The overlap between redlined maps of 80 years past and areas preponderantly affected by climate change today is uncanny. The grim reality of environmental racism in today’s America can be expected to profoundly worsen in the future as the same communities disproportionately harmed in the past find themselves on the front lines of the spiraling climate crisis. Recent reports from the California Legislative Analyst’s Office predict an increase in flooding, unbearably hot temperatures, wildfires, and prolonged droughts—existential climate conditions that will disproportionately fall on marginalized populations unless drastic preventative action is taken.
Faced with this data, current climate conditions, and reliable forecasts, it’s imperative to understand and reckon with the pervasive reality of climate racism in the past, present and future.
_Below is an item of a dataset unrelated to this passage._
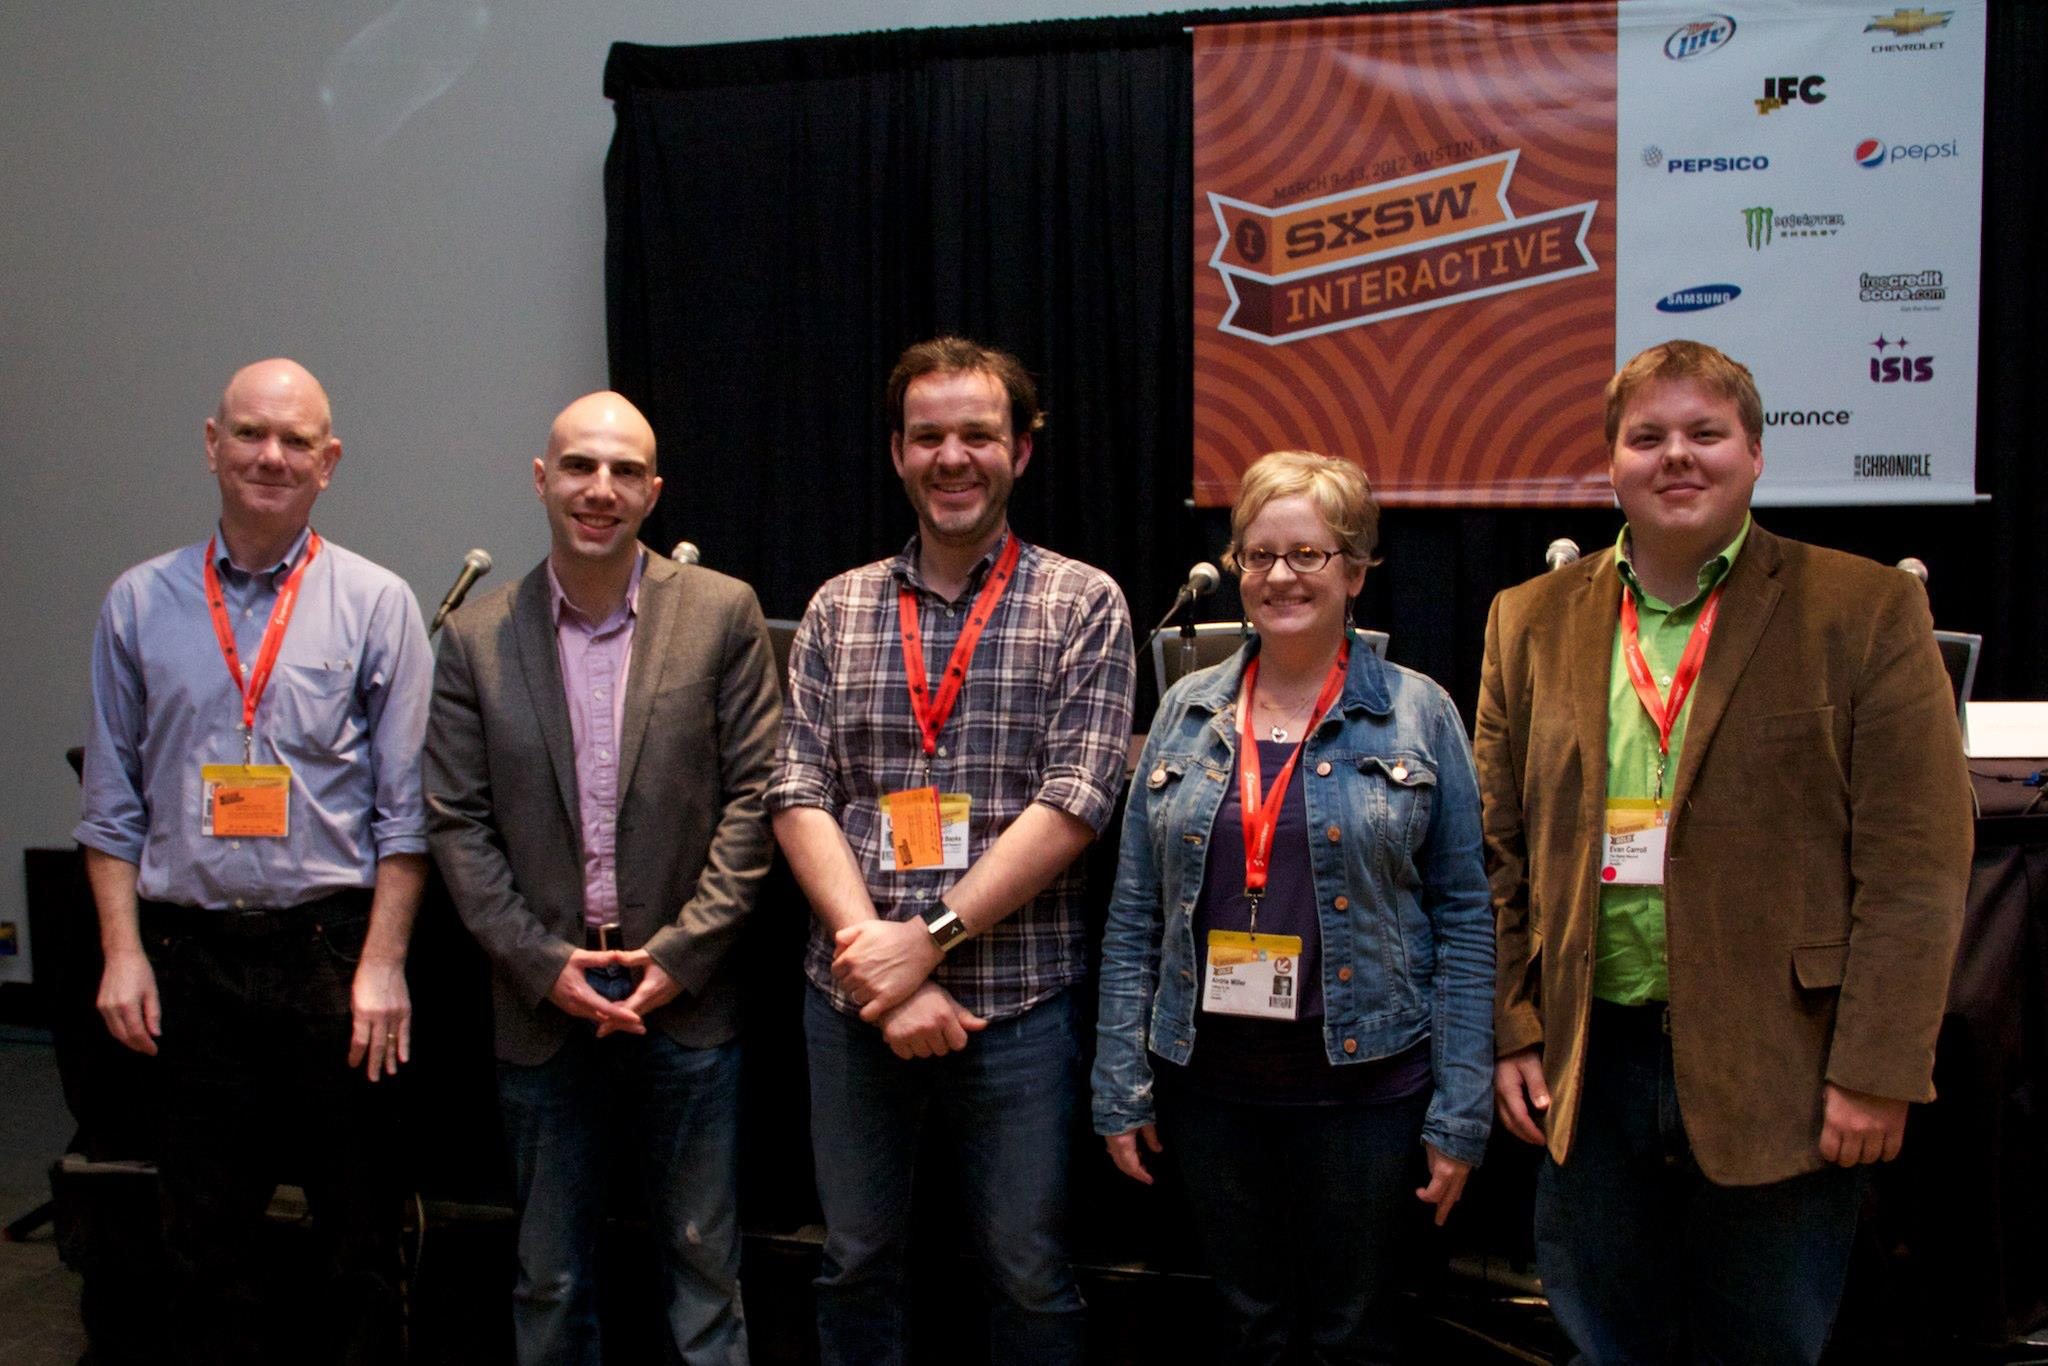 SXSW 2012 Digital Immortals: Preserving Life Beyond Death
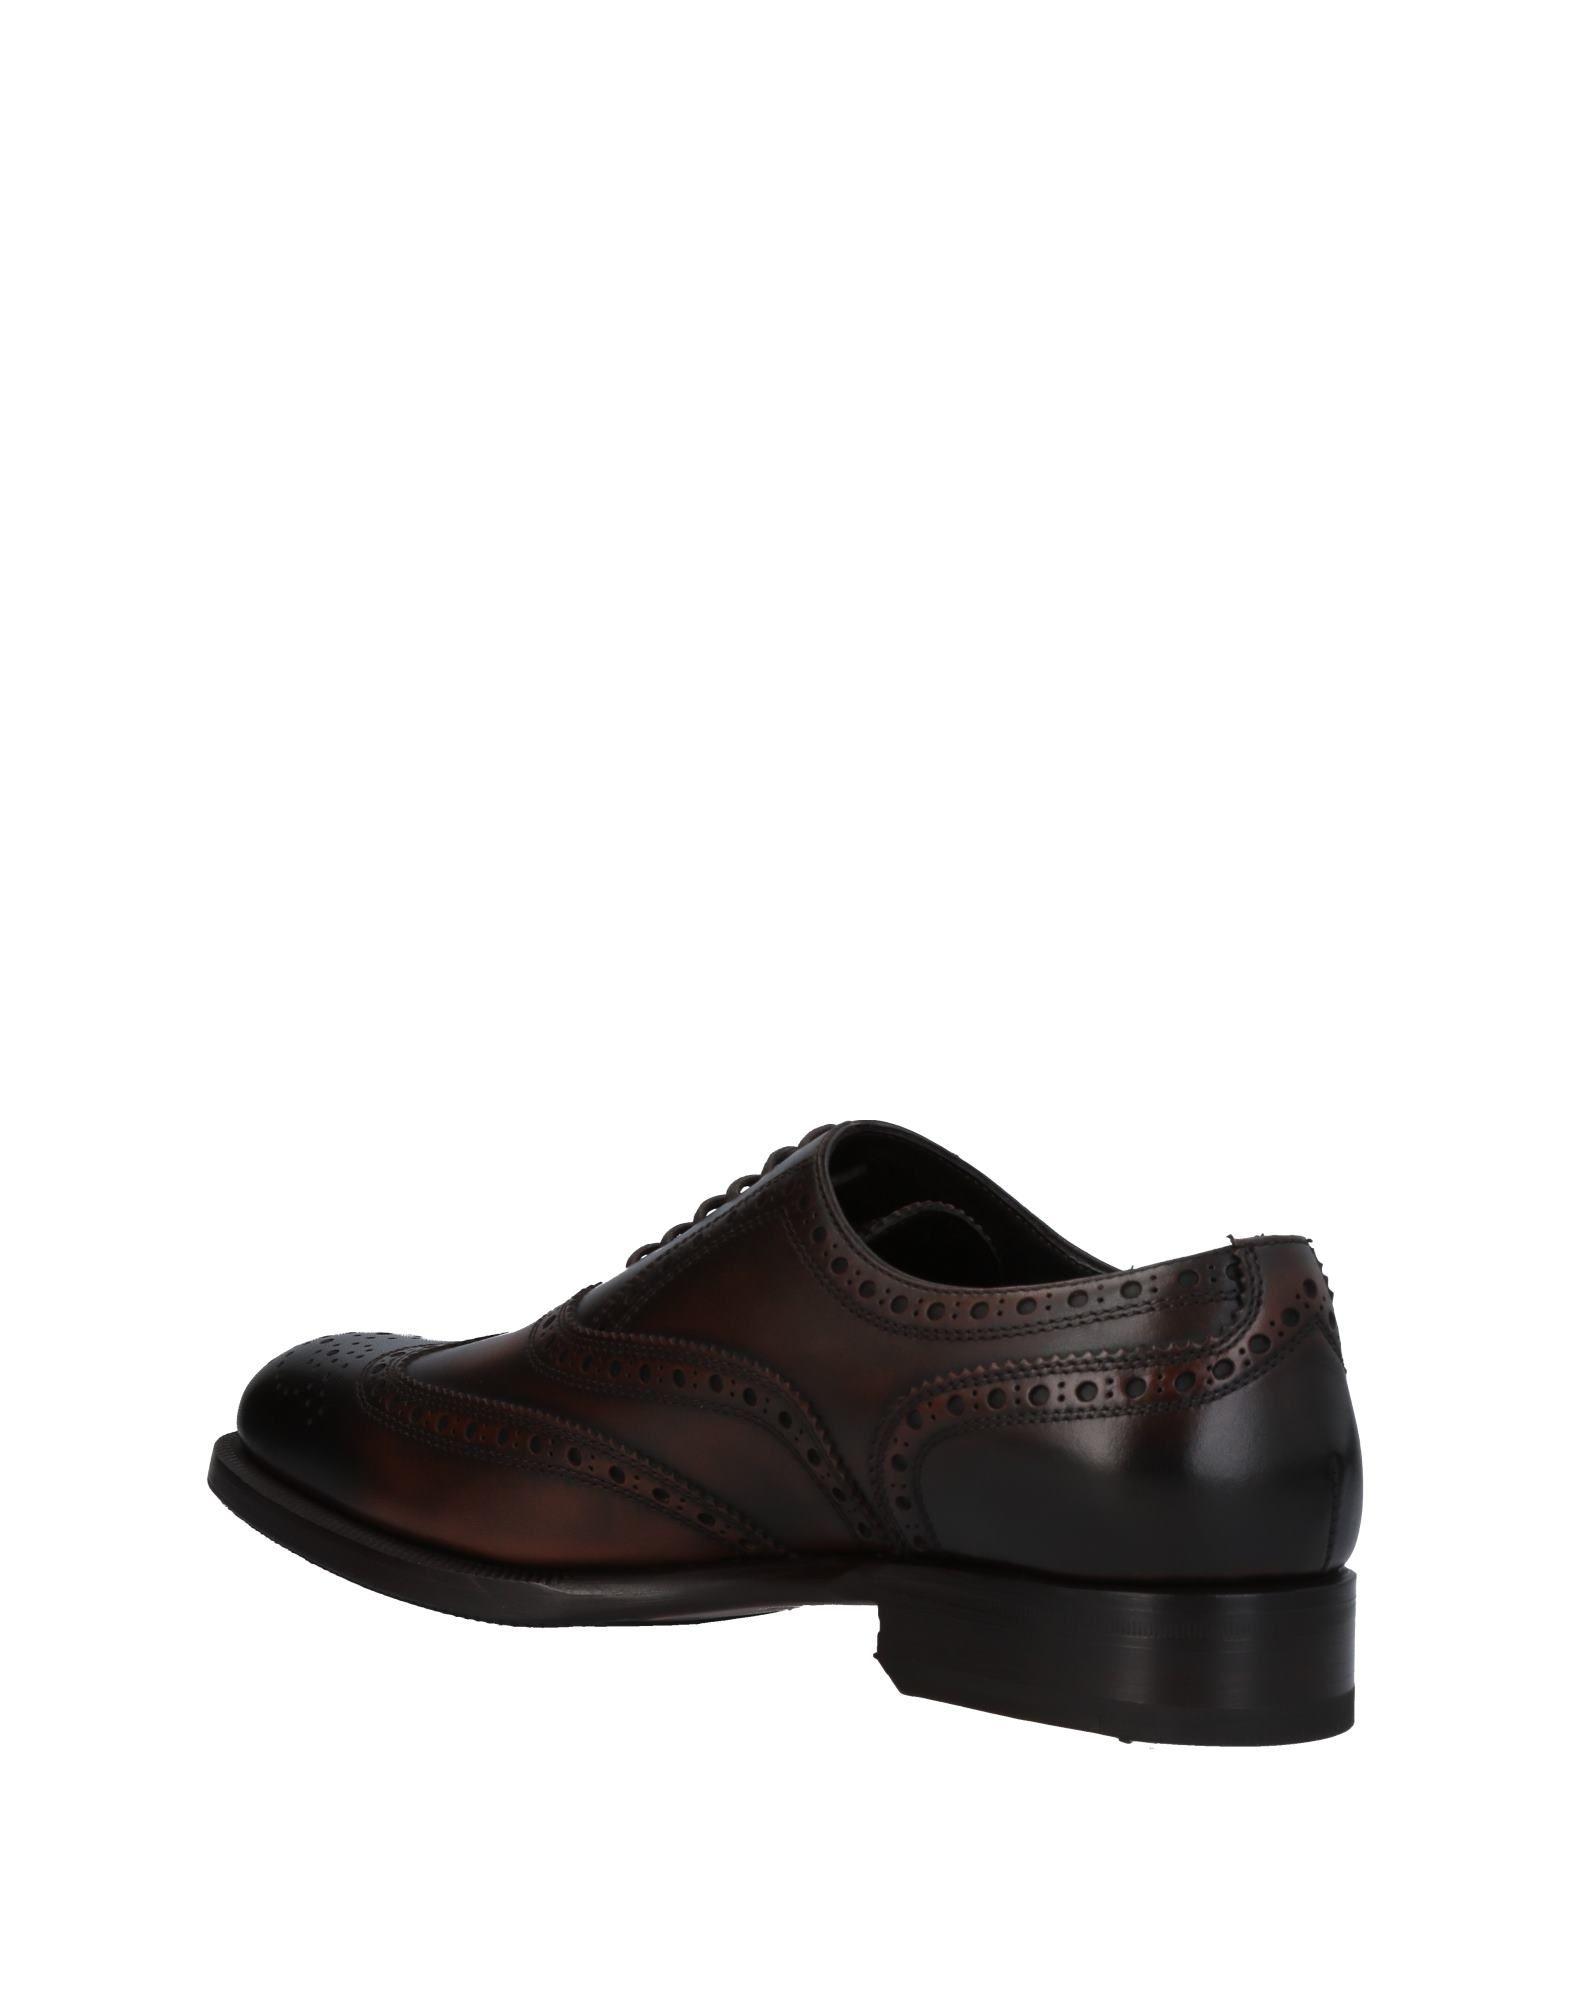 Dsquared2 Schnürschuhe Qualität Herren  11428770BW Gute Qualität Schnürschuhe beliebte Schuhe 43ee1f

Within our cities and towns, communities only a few miles apart experience the climate catastrophe on acutely different levels. As a climate-conscious community, it’s up to us to explain climate change in persuasive and informed terms, force legislatures to act on incontrovertible climate evidence, and recognize the effects of climate change as a link in the historical chain of injustice that must be broken.